Коль хочешь быть почтен за свой высокий род,
Яви отечеству того достойный плод!
Но, зрящу мне в тебе перед собой урода,
Прилично ли сказать: высокого ты рода?
Ты честью хвалишься, котора не твоя.
Будь пращур мой Катон, но то Катон — не я.
На что о прадедах так много ты хлопочешь
И спесью дуешься? Будь правнук, чей ты хочешь,
Родитель твой был Пирр, и Ахиллес твой дед,
Но если их кровей в тебе и знака нет,
Какого ты осла почтить себя заставишь?
Твердя о них, себя ты пуще обесславишь.
Такой ли, скажут, плод являет нам та кровь!

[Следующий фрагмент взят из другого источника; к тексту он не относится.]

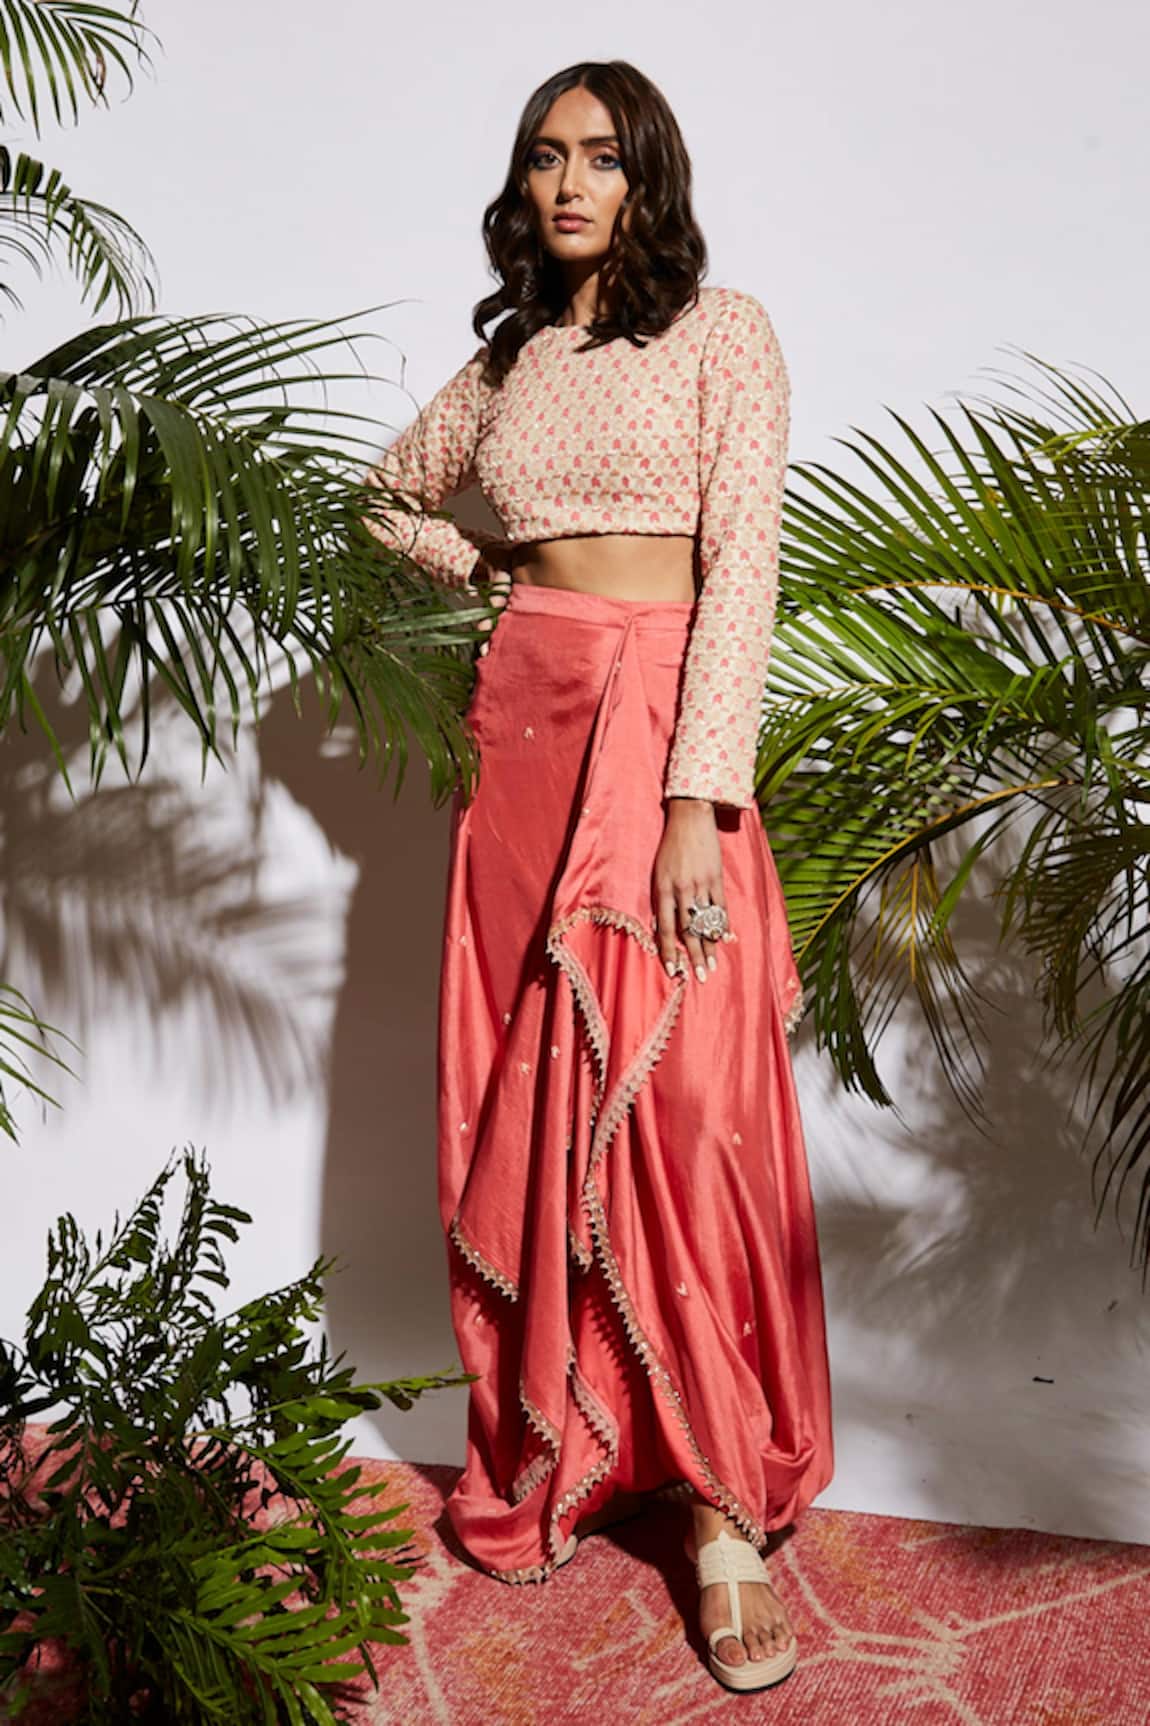 SVA by Sonam & Paras Modi Embroidered Crop Top With Draped Skirt

Посеян ананас, родилася морковь.
Не победителя клячонка возит — воду,
Хоть Буцефалова была б она приплоду.
Но чем уверить нас о прабабках своих,
Что не было утех сторонних и у них?
Ручаешься ли ты за верность их к супругам,
Что не был ни к одной кто сбоку взят к услугам,
Что всякая из них Лукреция была
И каждая поднесь все Пирров род вела?
Прерви свой, муза, глас, престань пустое мыслить!

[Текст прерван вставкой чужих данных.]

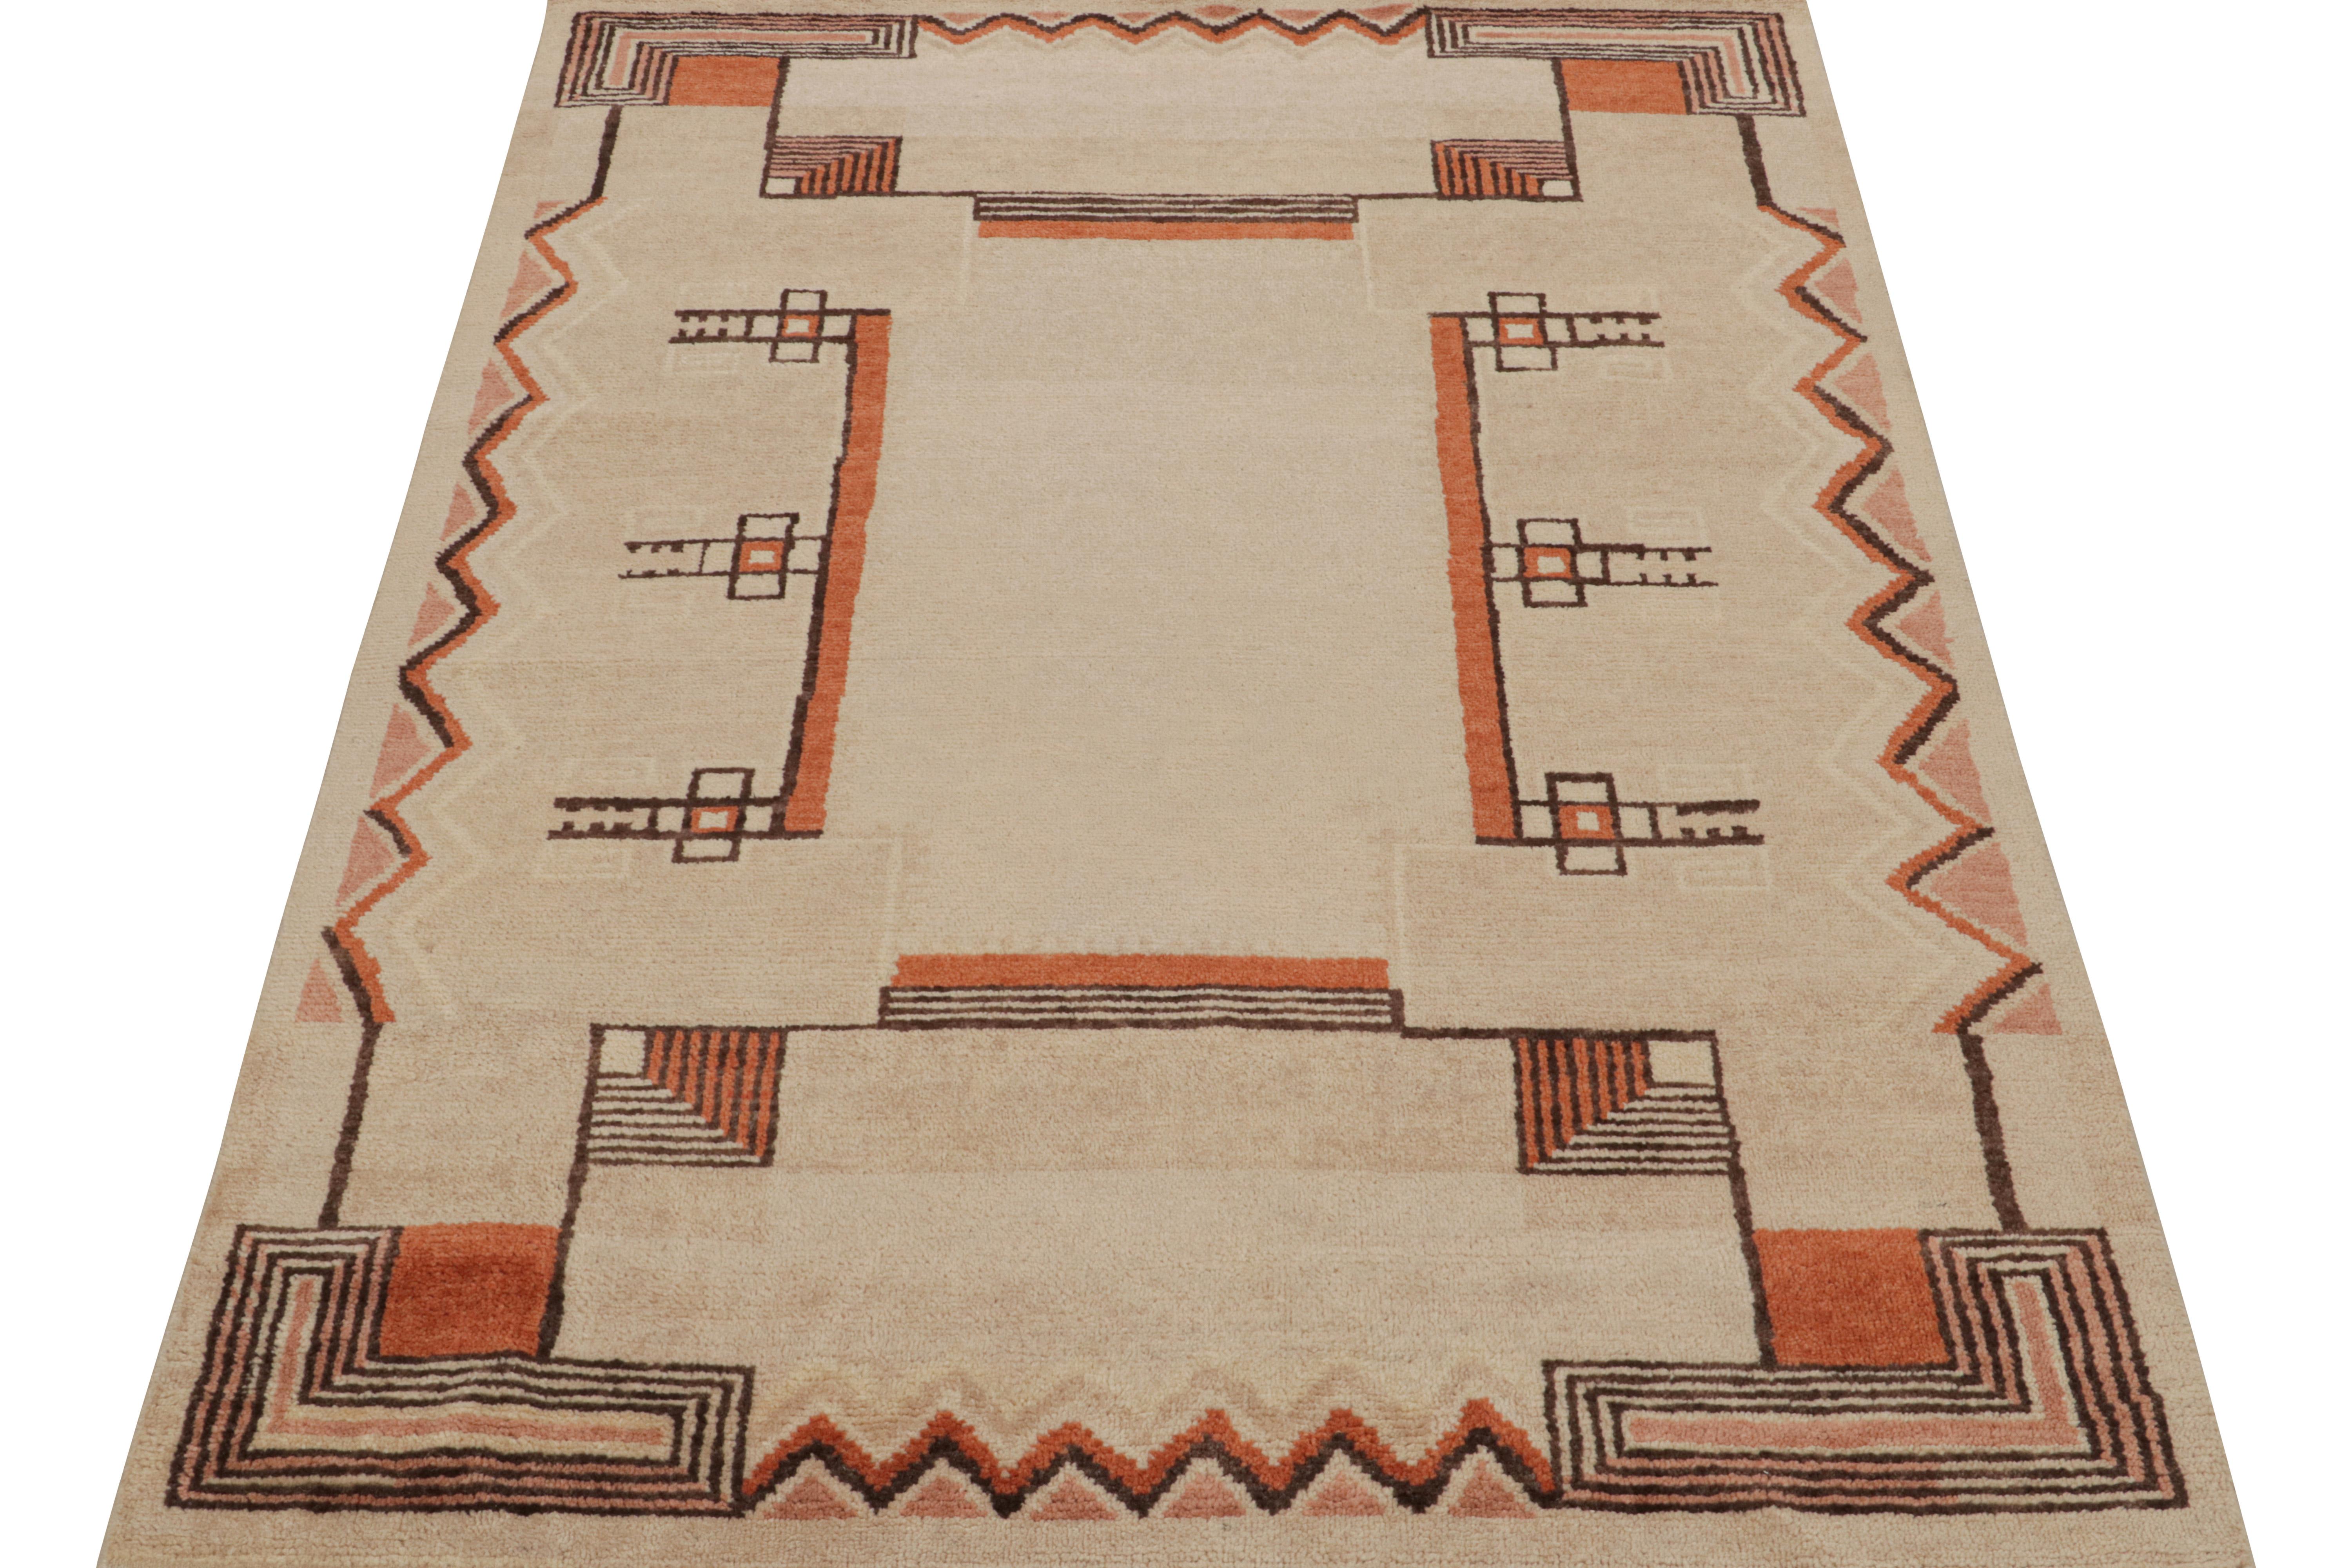 Indian Rug & Kilim’s French Art Deco Style Rug in Beige and Orange Geometric Patterns For Sale

Удобнее песок на дне морском исчислить,
Как наши дурости подробно перечесть…
Да и на что, когда дается вракам честь?

Александр Петрович Сумароков

Кто в самой глубине безумства пребывает

Кто в самой глубине безумства пребывает,
И тот себя между разумными считает:
Не видим никогда мы слабостей своих,
Все мнится хорошо, что зрим в себе самих.

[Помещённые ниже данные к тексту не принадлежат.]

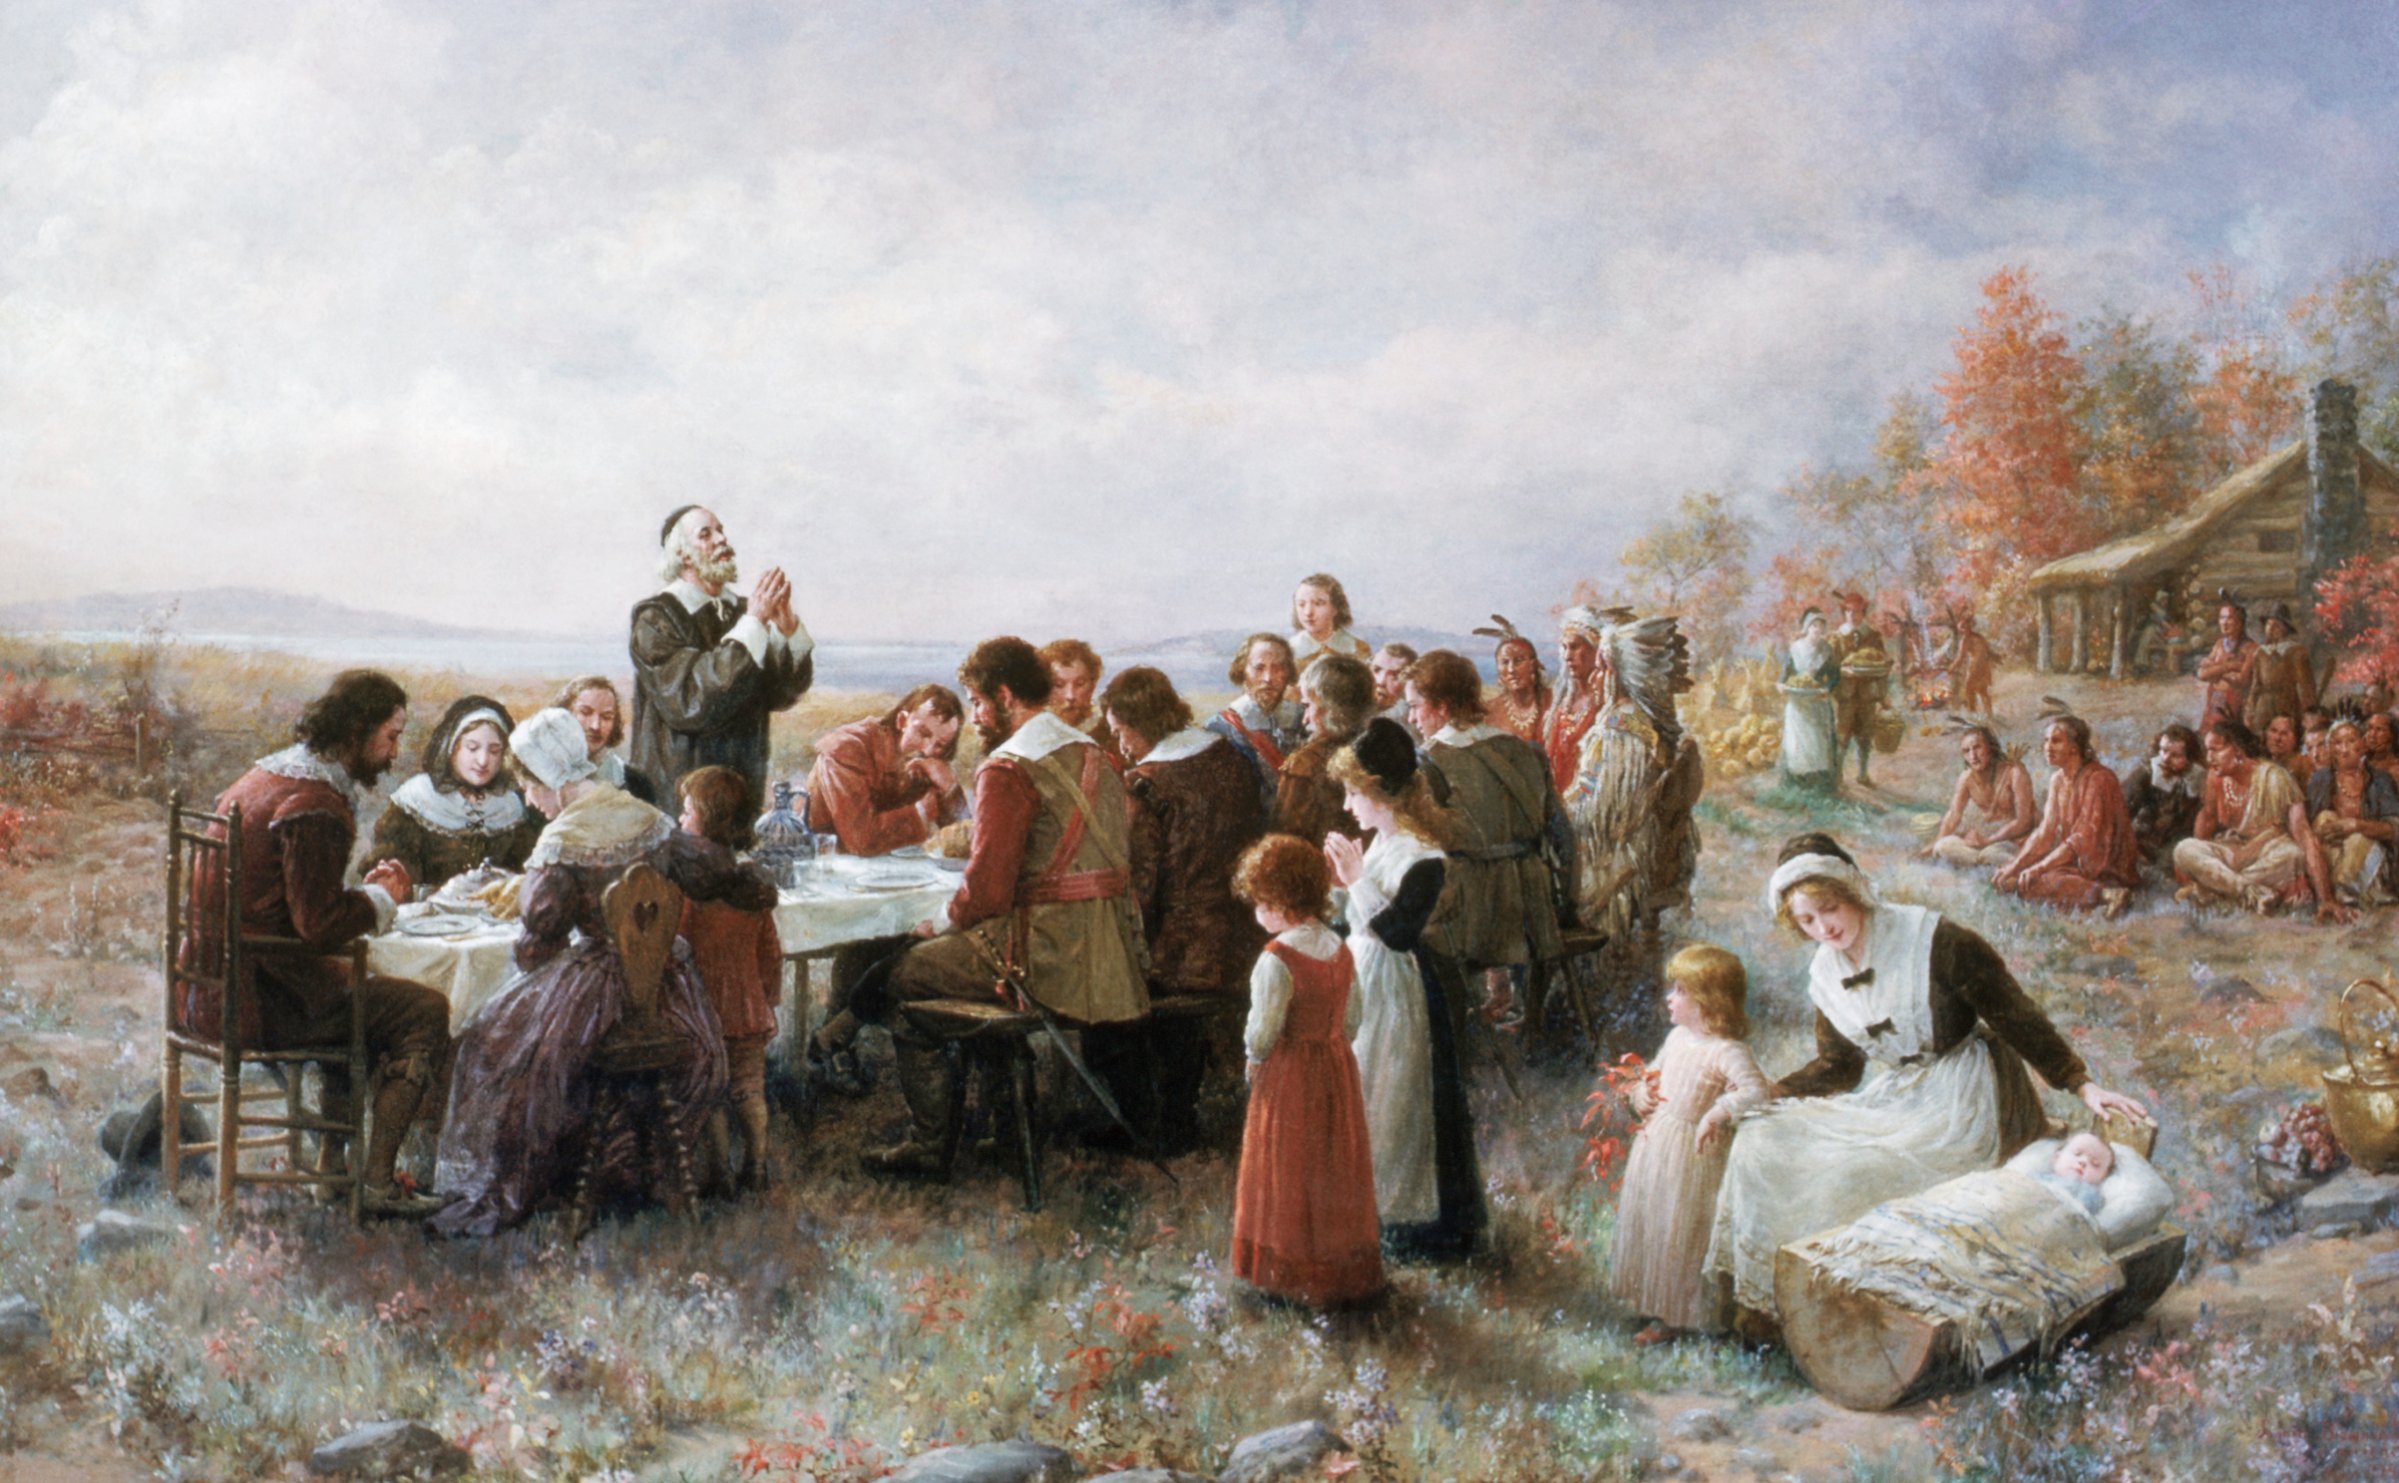 The First Thanksgiving by Jennie Augusta Brownscombe

Пороки, кои в нас, вменяем в добродетель,
Хотя тому один наш страстный ум свидетель;
Лишь он доводит то, что то, конечно, так:
И добродетелен и мудр на свете всяк.
Пороки отошли, невежество сокрылось,
Иль будет так, когда еще не учинилось.
Буян закается бороться и скакать,
А петиметер вздор пред дамами болтать,
Не будет пьяница пить кроме только квасу,
Подьячий за письмо просить себе запасу,
Дьячкам, пономарям умерших будет жаль,
Скупой, ущедрившись, состроит госпиталь.
Когда ж надеяться премене быть толикой?
Когда на Яузу сойдет Иван Великий
И на Неглинной мы увидим корабли,
Волк станет жить в воде, белуга на земли,
И будет омывать Нева Кремлевы стены.
Но скоро ль таковой дождемся мы премены?
Всяк хочет щеголять достоинством своим
И думает, что все, что хорошо, то с ним.
Не мыслит льстец того, что он безмерно гнусен,
И мнит он то, что он как жить с людьми искусен:
Коль нужда в комаре, зовет его слоном,
Когда к боярину придет с поклоном в дом,
Сертит пред мухою боярской без препоны
И от жены своей ей делает поклоны.
Скупой с усмешкою надежно говорит:
«Желудку что ни дай, он все равно варит».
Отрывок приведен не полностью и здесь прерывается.